2 — Como também as plantas experimentam enfermidades peculiares, reclamando adubos e fungicidas completou o mentor, sorrindo.

3 E acrescentou:

— A dor é ingrediente dos mais importantes na economia da vida em expansão. O ferro sob o malho, a semente na cova, o animal em sacrifício, tanto quanto a criança chorando, irresponsável ou semiconsciente, para desenvolver os próprios órgãos, sofrem a dor-evolução, que atua de fora para dentro, aprimorando o ser, sem a qual não existiria progresso. 4 Em nosso estudo, porém, analisamos a dor-expiação, que vem de dentro para fora, marcando a criatura no caminho dos séculos, detendo-a em complicados labirintos de aflição, para regenerá-la, perante a Justiça… É muito diferente…

5 — Curioso! — Exclamou Hilário, — não havia pensado ainda em semelhantes conceitos… Dor-evolução, dor-expiação…

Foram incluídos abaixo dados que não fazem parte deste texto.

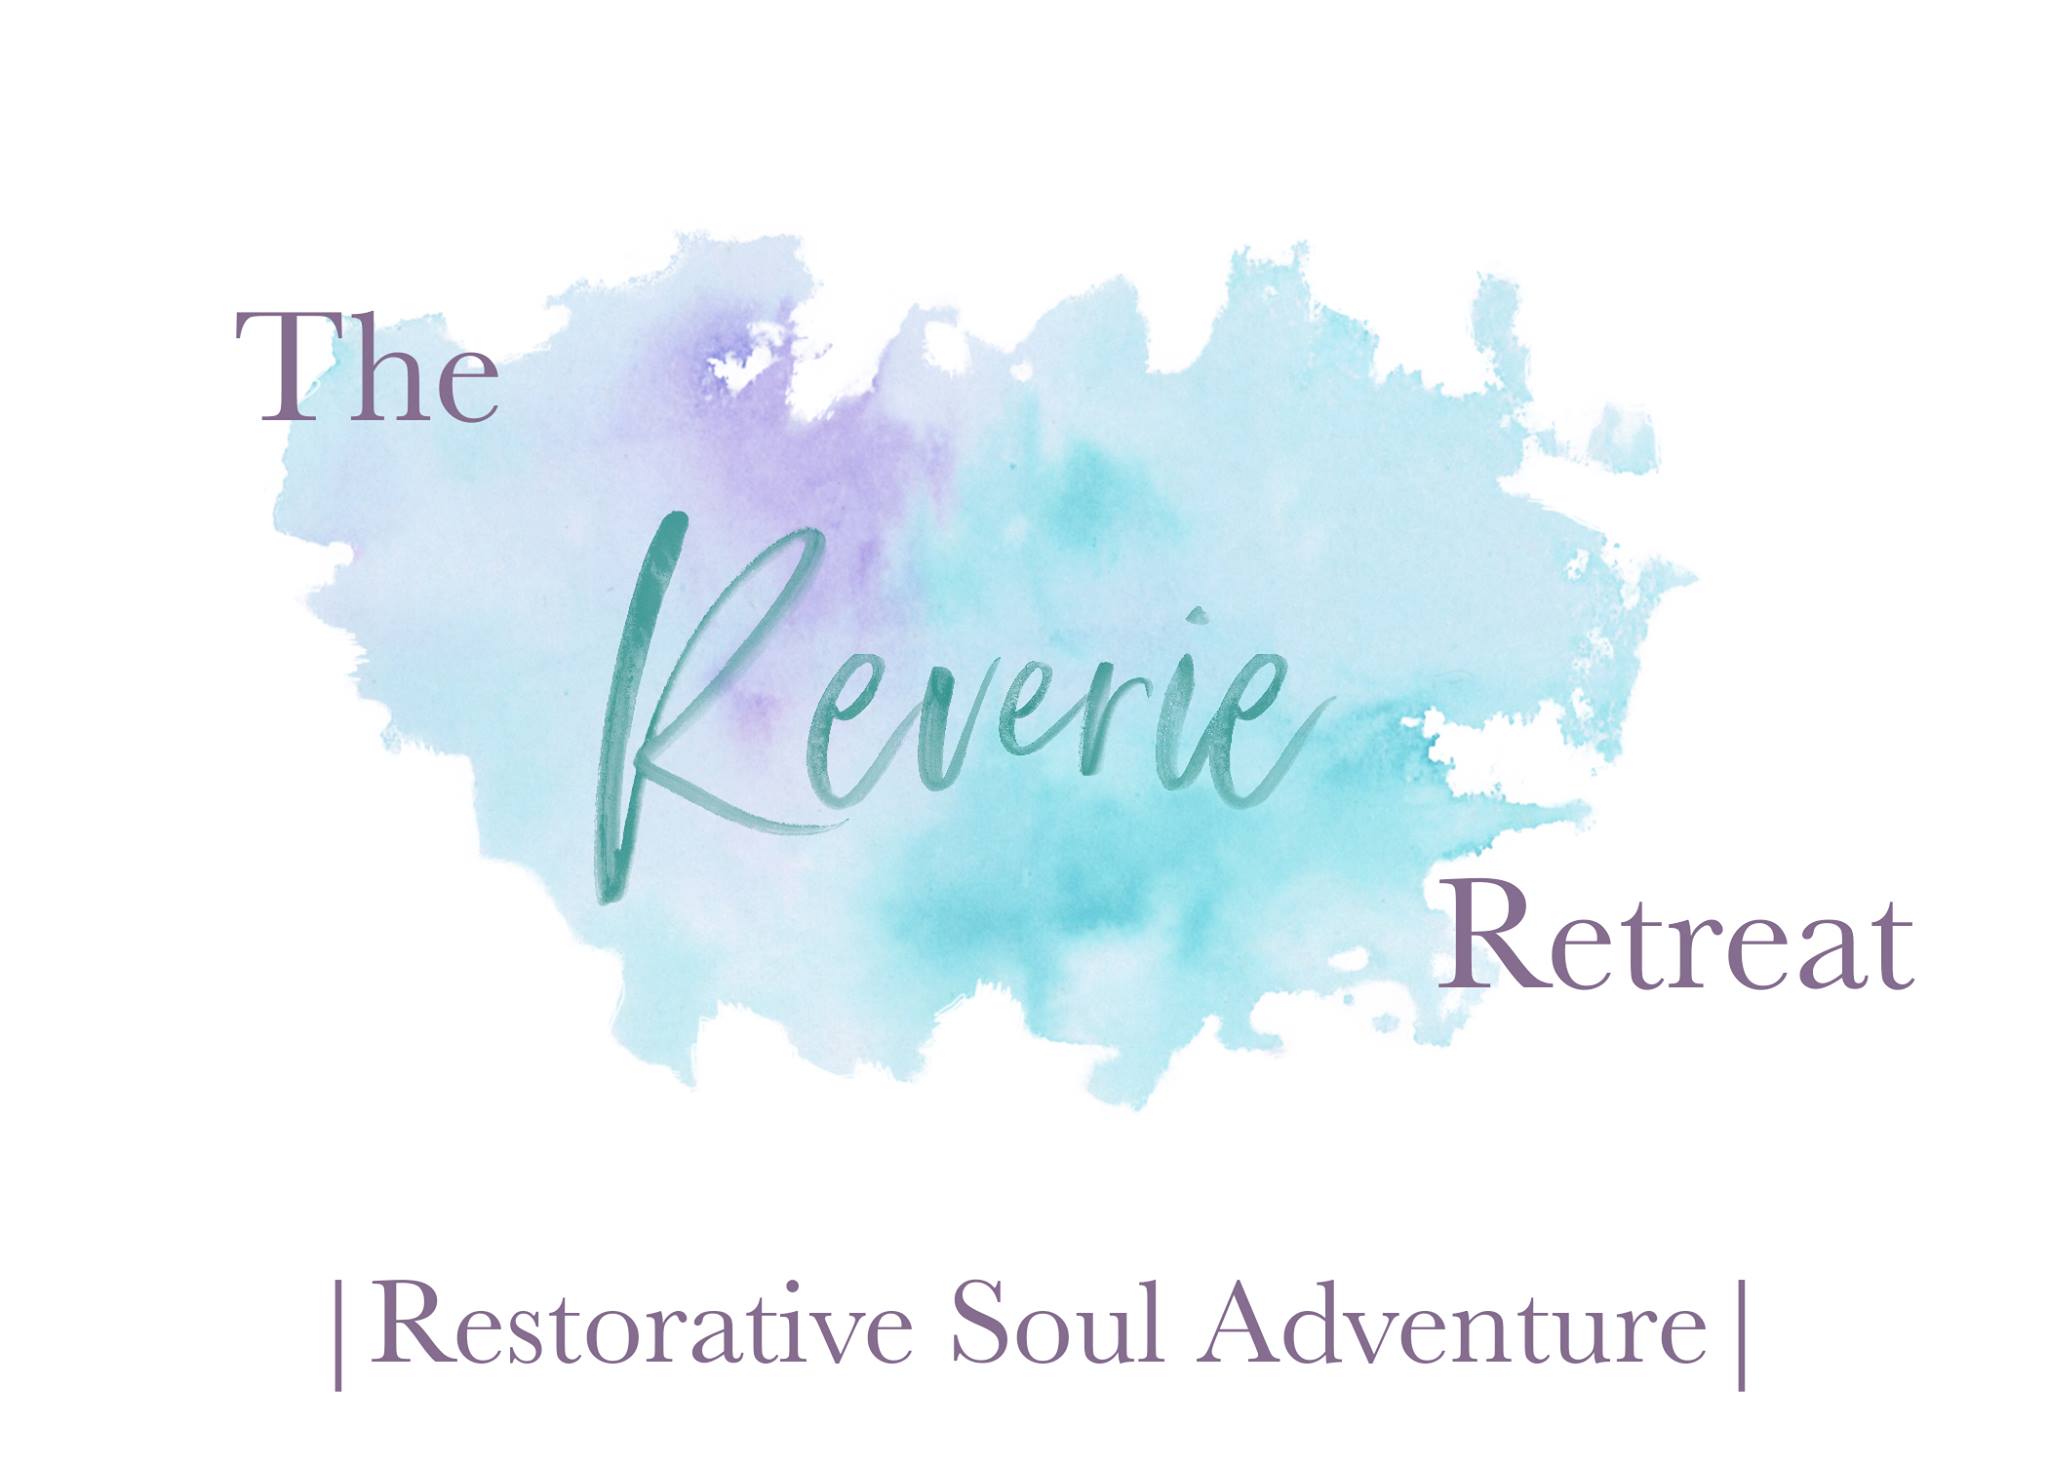 The Reverie Retreat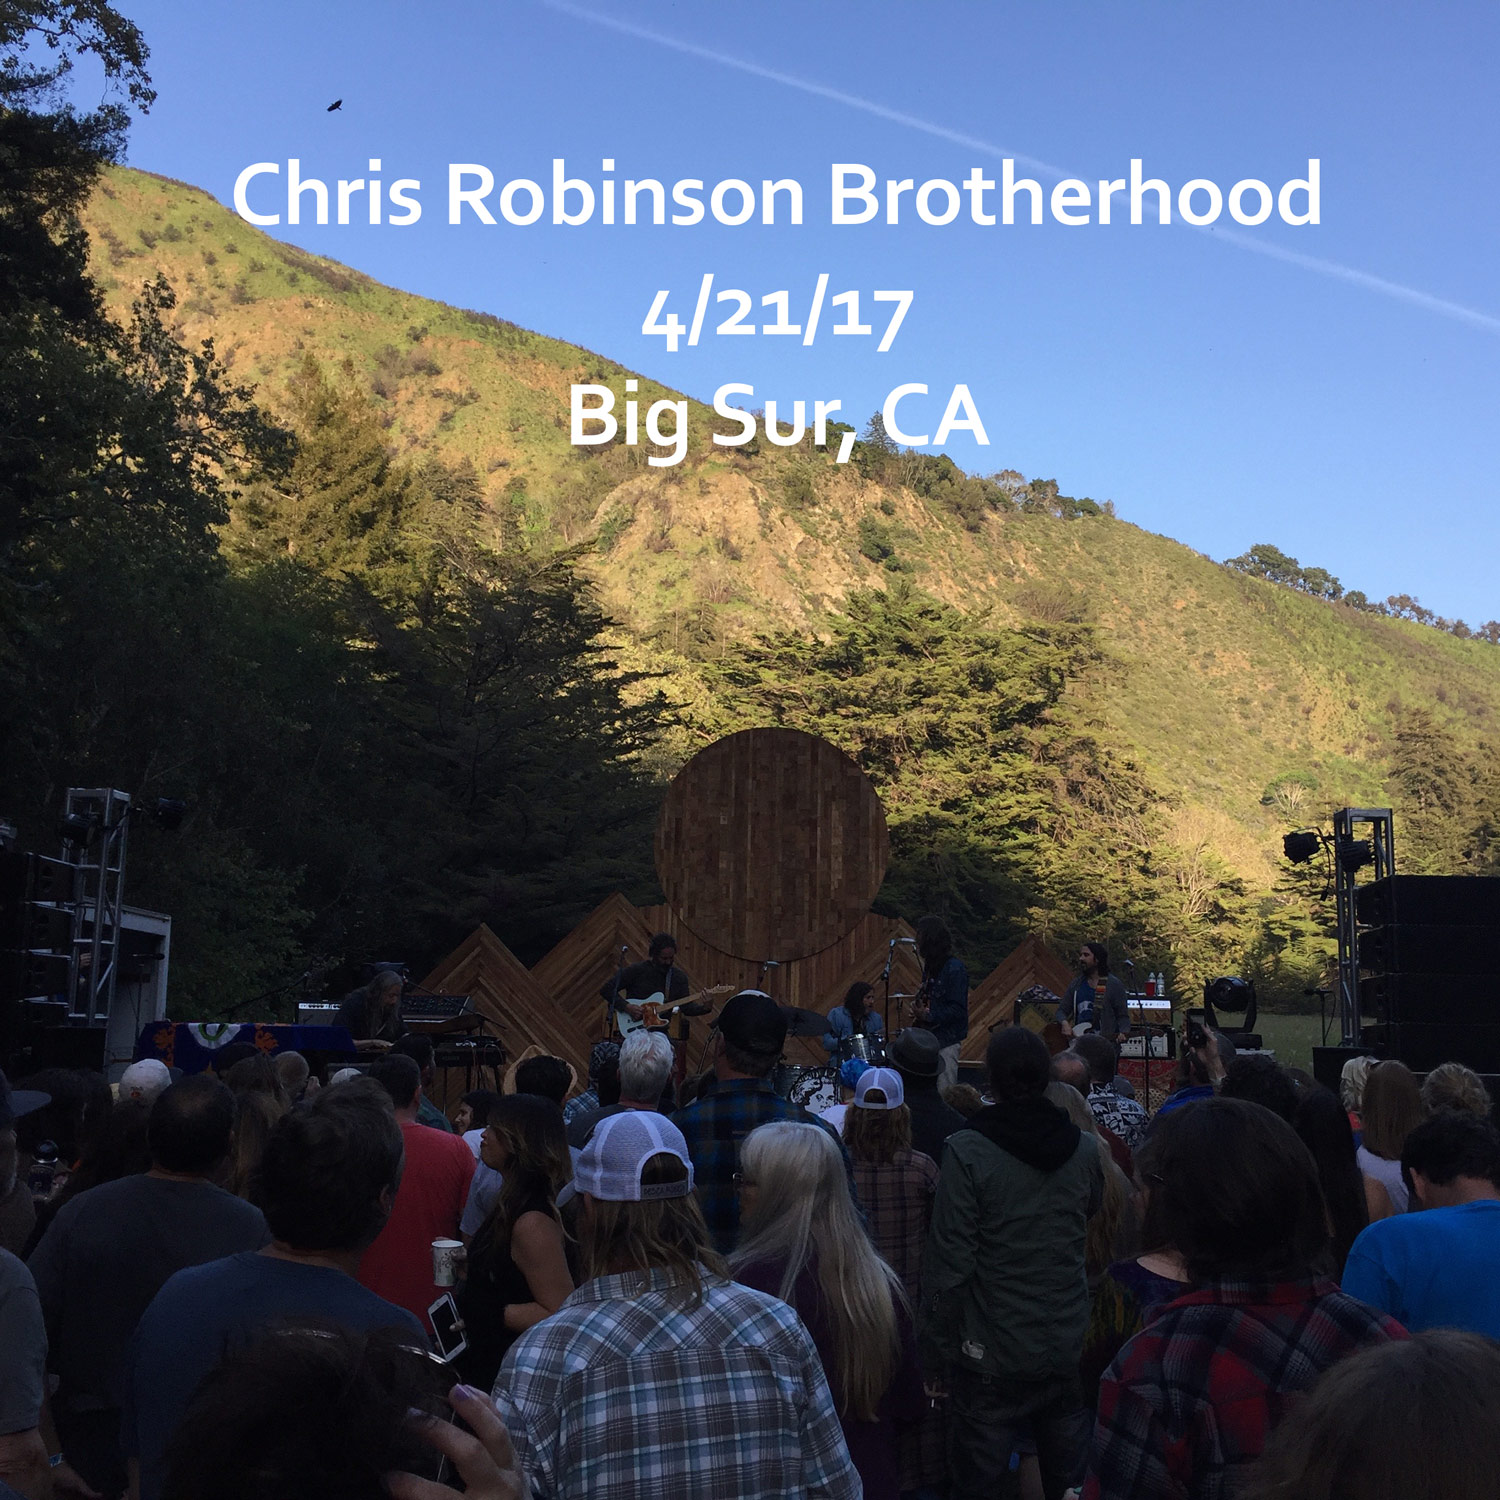 ChrisRobinsonBrotherhood2017-04-21FreaksForTheFestivalFernwoodResortBigSurCA.jpg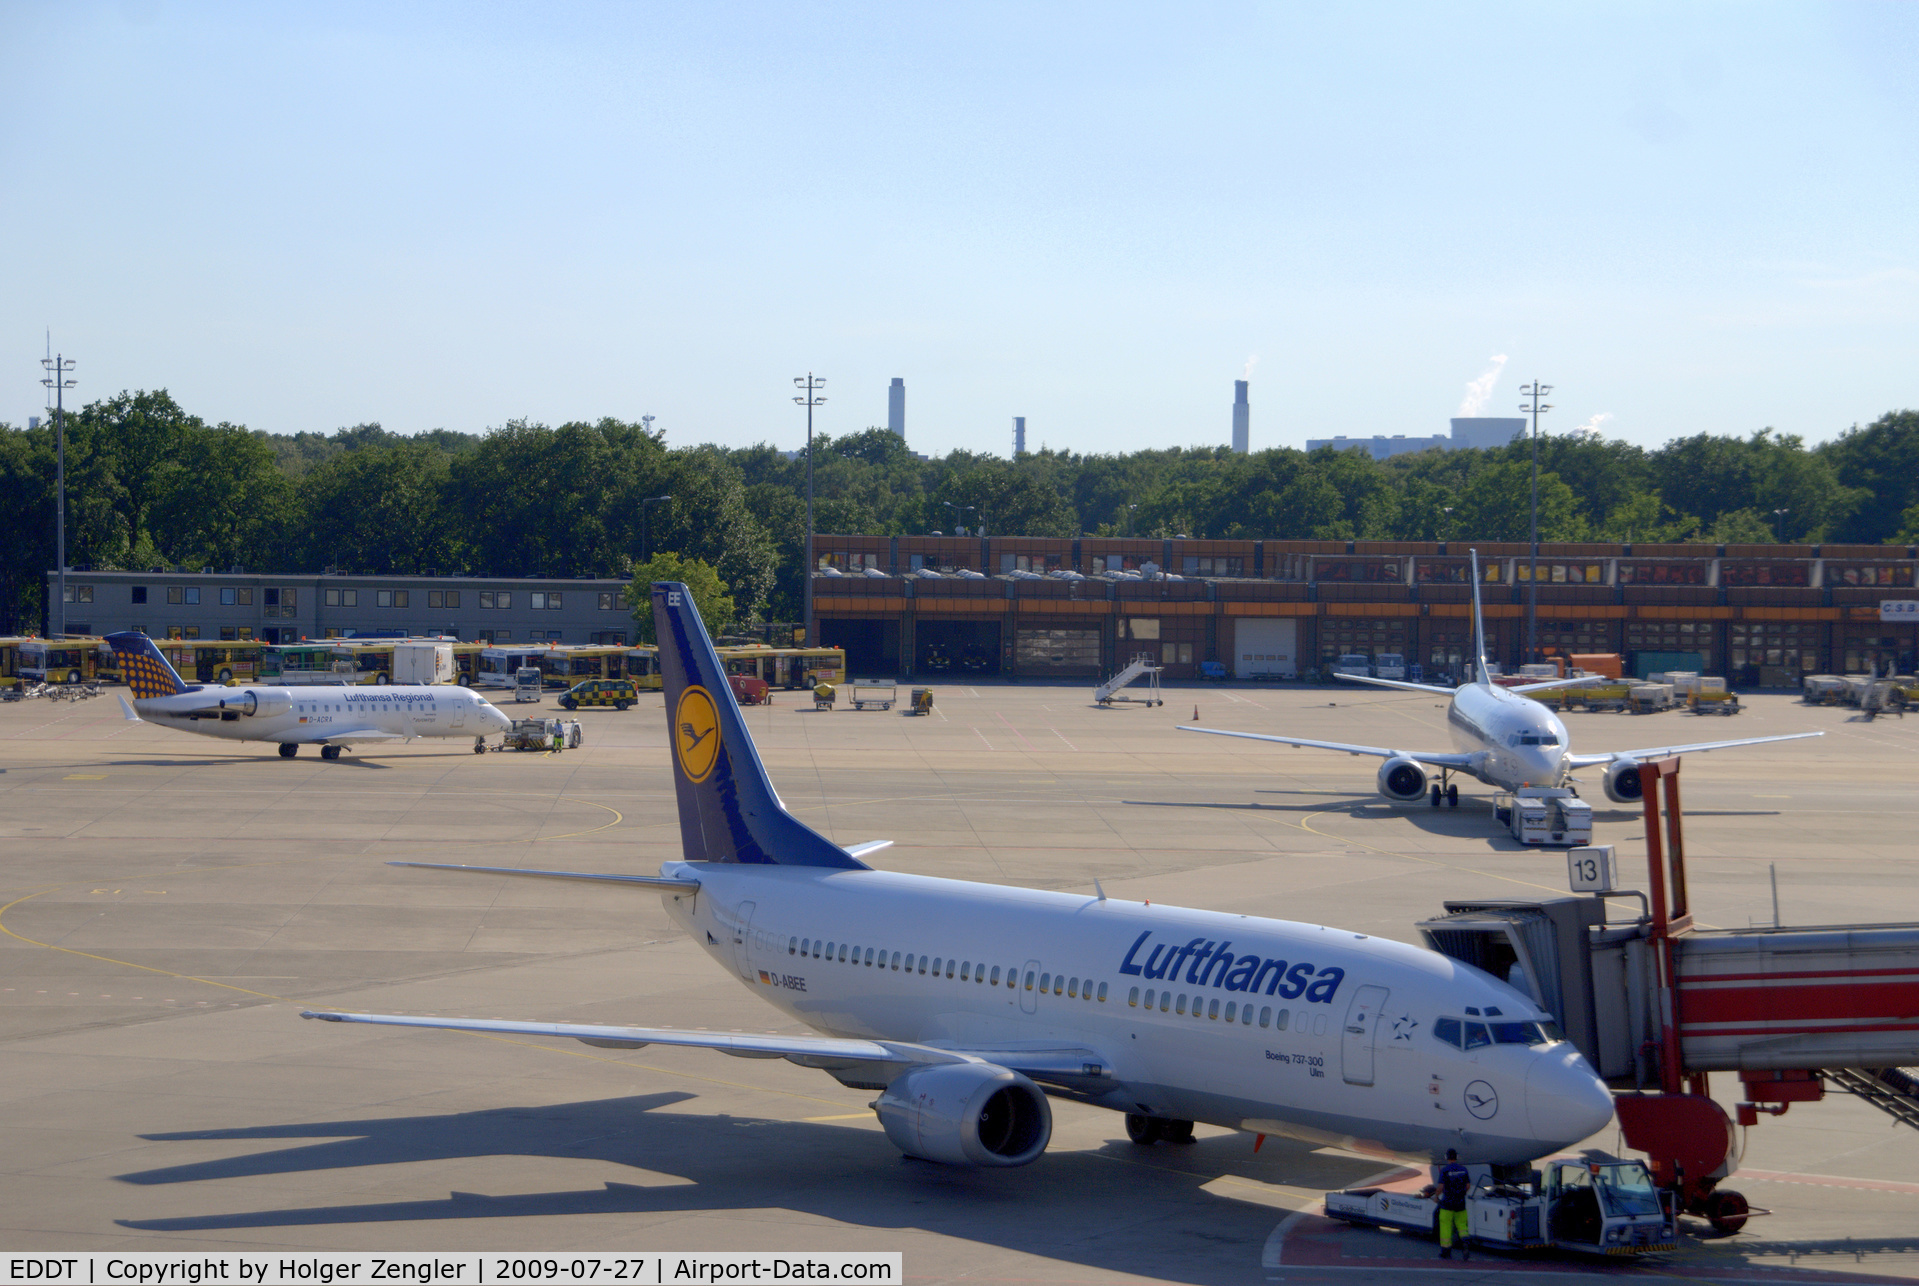 Tegel International Airport (closing in 2011), Berlin Germany (EDDT) - A bunch of Lufthansa jets around gate no. 13

— Como temos ainda dor-auxílio, — atalhou Druso, benevolente.

— Como assim?

6 E percebendo a surpresa que se nos estampava no rosto, o orientador aduziu:

— Em muitas ocasiões, no decurso da luta humana, nossa alma adquire compromissos vultosos nesse ou naquele sentido. Habitualmente, logramos vantagens em determinados setores da experiência, perdendo em outros. 7 Às vezes, interessamo-nos vivamente pela sublimação do próximo, olvidando a melhoria de nós mesmos. É assim que, pela intercessão de amigos devotados à nossa felicidade e à nossa vitória, recebemos a bênção de prolongadas e dolorosas enfermidades no envoltório físico, seja para evitar-nos a queda no abismo da criminalidade, seja, mais frequentemente, para o serviço preparatório da desencarnação, a fim de que não sejamos colhidos por surpresas arrasadoras, na transição da morte. 8 O enfarte, a trombose, a hemiplegia, o câncer penosamente suportado, a senilidade prematura e outras calamidades da vida orgânica constituem, por vezes, dores-auxílio, para que a alma se recupere de certos enganos em que haja incorrido na existência do corpo denso, habilitando-se, através de longas reflexões e benéficas disciplinas, para o ingresso respeitável na Vida Espiritual.

9 Druso, no entanto, a essa altura, foi chamado a outras linhas de ação, deixando-nos entregues aos nossos pensamentos.


André Luiz


Texto extraído da 1ª edição desse livro.